The official site still explains the mechanism in plain product language: enter your npub, choose the emoji that should trigger payment, set the amount in sats and connect a wallet through NWC or the newer Nostr Wallet Auth flow. The front page defaults toward the same social gestures that made the service famous: Damus users were trained around a hang-loose reaction, Primal users around a heart reaction, and the app lets you choose from a small set of common emojis or enter your own custom trigger.
The funny part matters because it explains the product taste. Zapplepay is not trying to feel like a bank. It is a web page with a yellow apple logo, a big AutoZaps button and a form. Under that light surface sits a server that watches relays, finds reactions from configured pubkeys, maps the reaction content to the configured trigger and then pushes a payment request through the user's wallet permission. That little bridge is why the project belongs on the wallet shelf instead of only the app shelf.

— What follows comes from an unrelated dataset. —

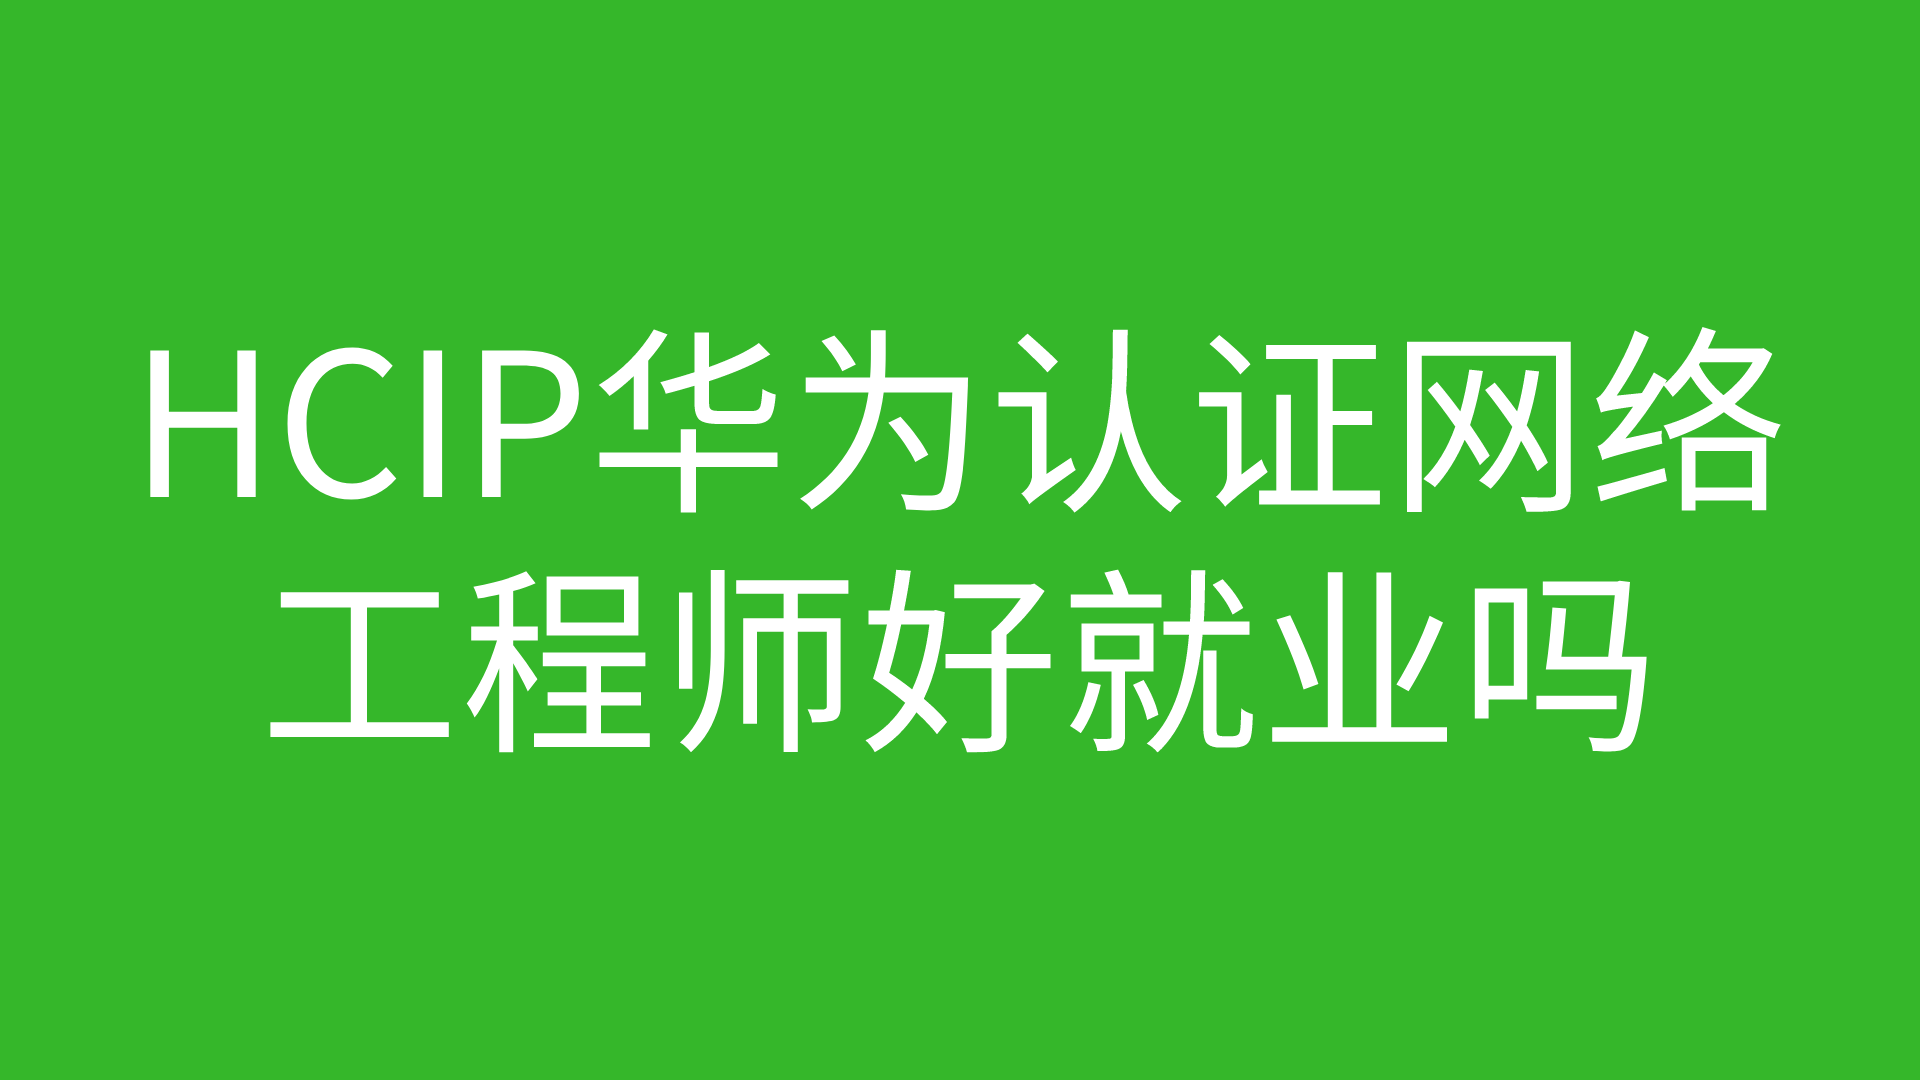 HCIP华为认证网络工程师好就业吗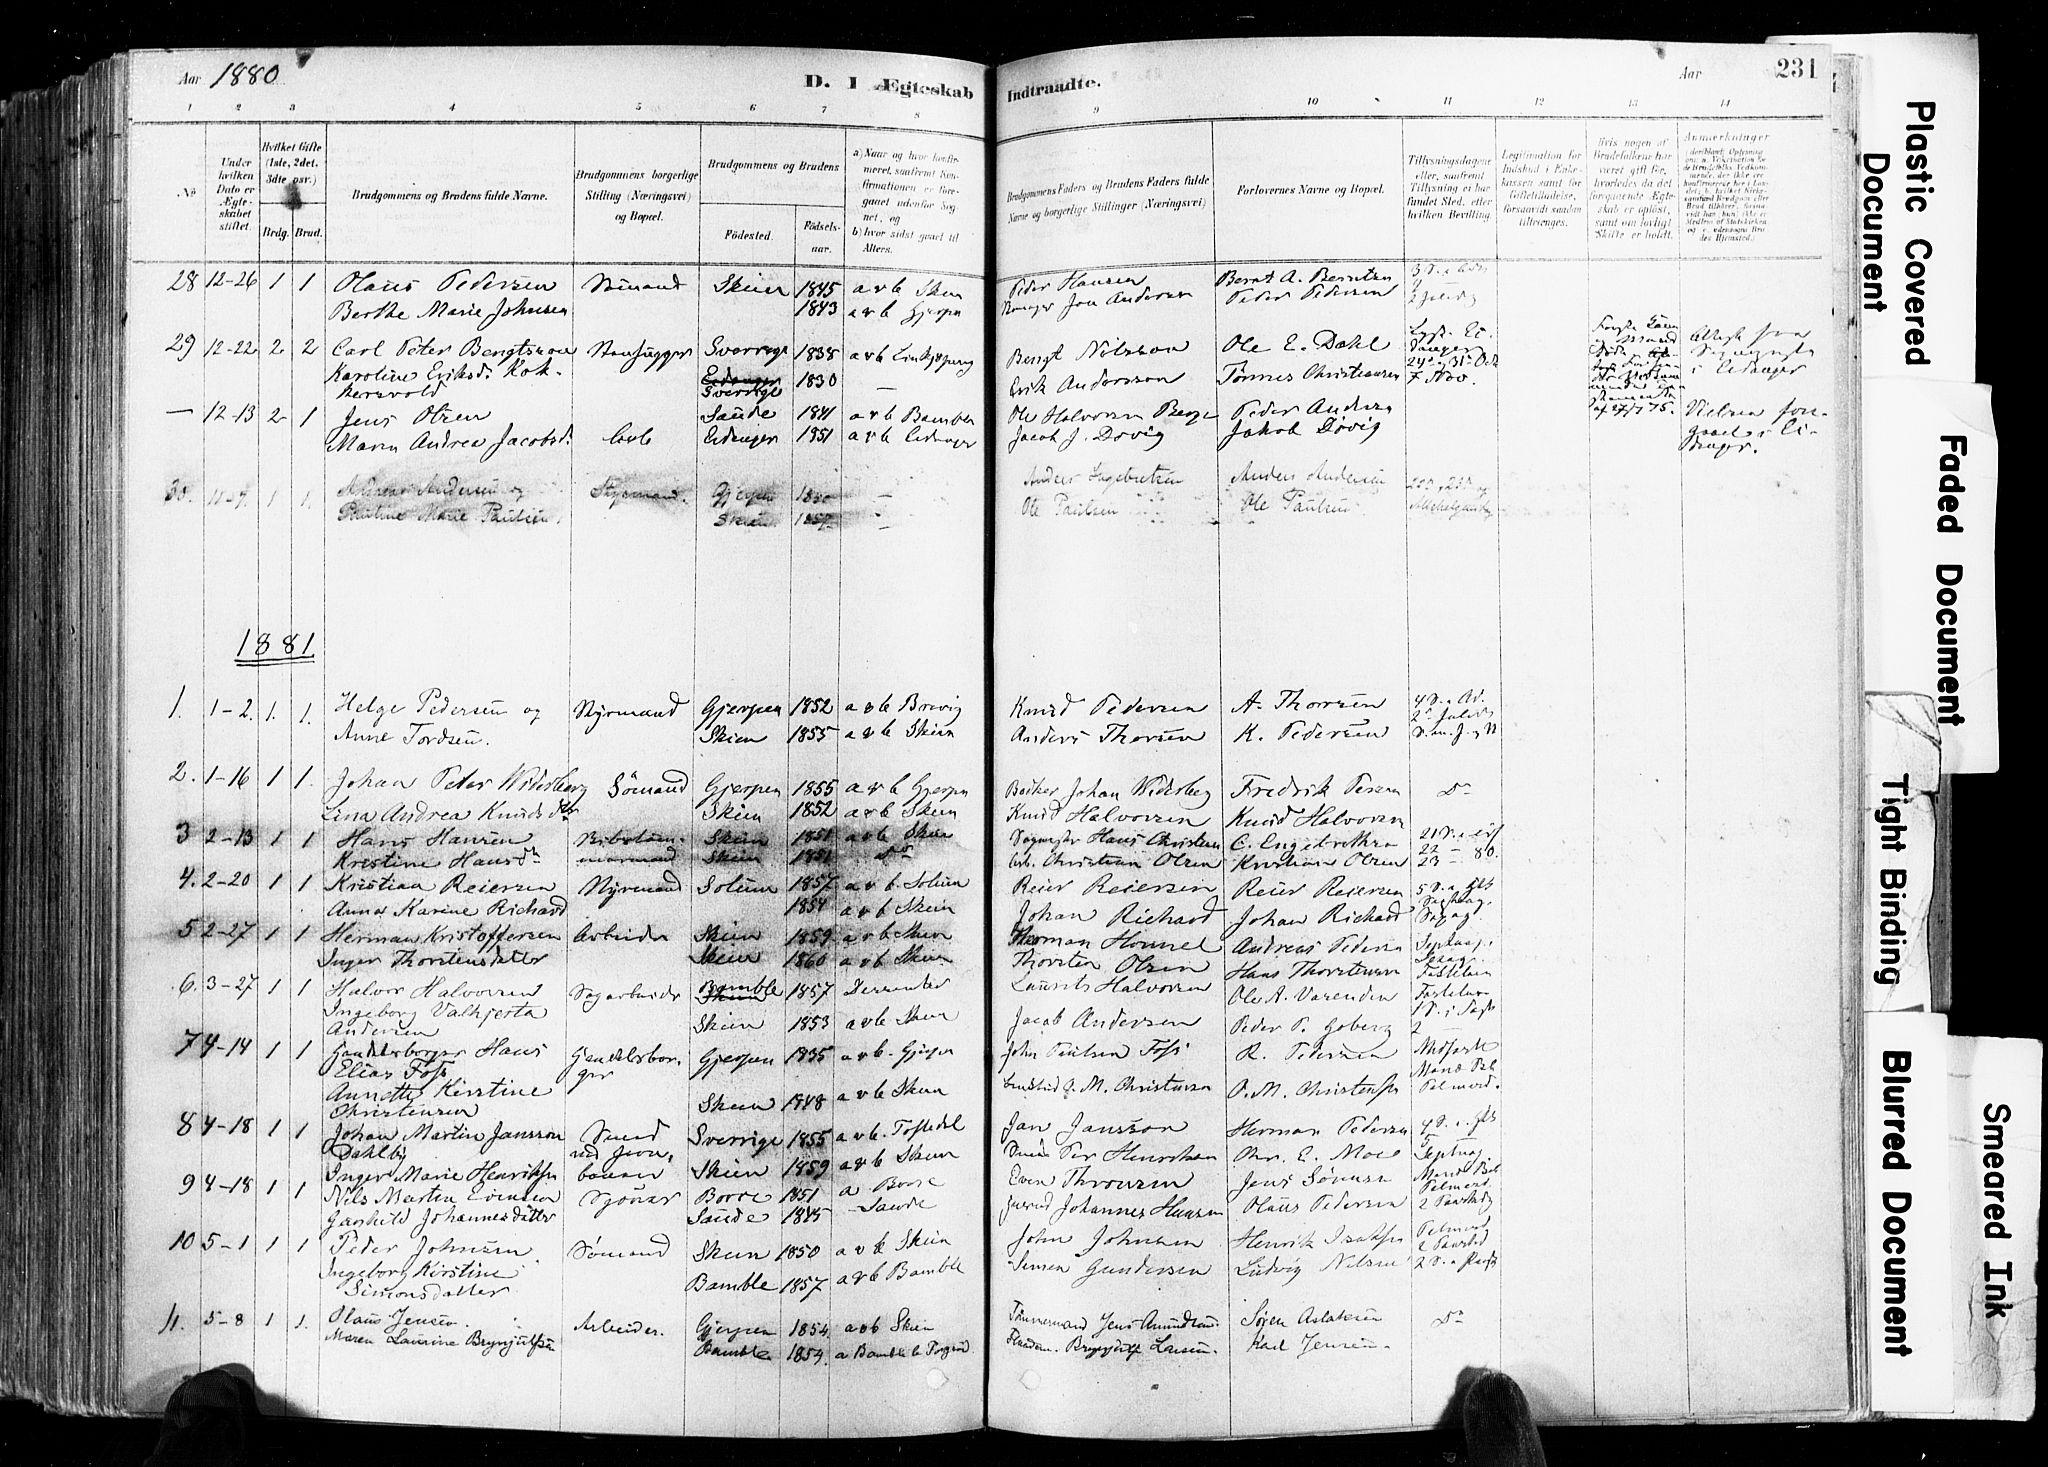 SAKO, Skien kirkebøker, F/Fa/L0009: Ministerialbok nr. 9, 1878-1890, s. 231

There is also an important cultural lesson here. Zapplepay shows how Nostr turns weak-looking public data into usable coordination. A reaction event is not just a like; it is signed by the user's key, relayed independently and understandable to any software that speaks the protocol. If another service wants to interpret that event as a command, it can. This is powerful, but it also means readers should think in terms of capabilities, not vibes. The protocol does not care whether the reaction was meant as applause, a joke, a payment instruction or all three. The service that listens to it decides what happens next.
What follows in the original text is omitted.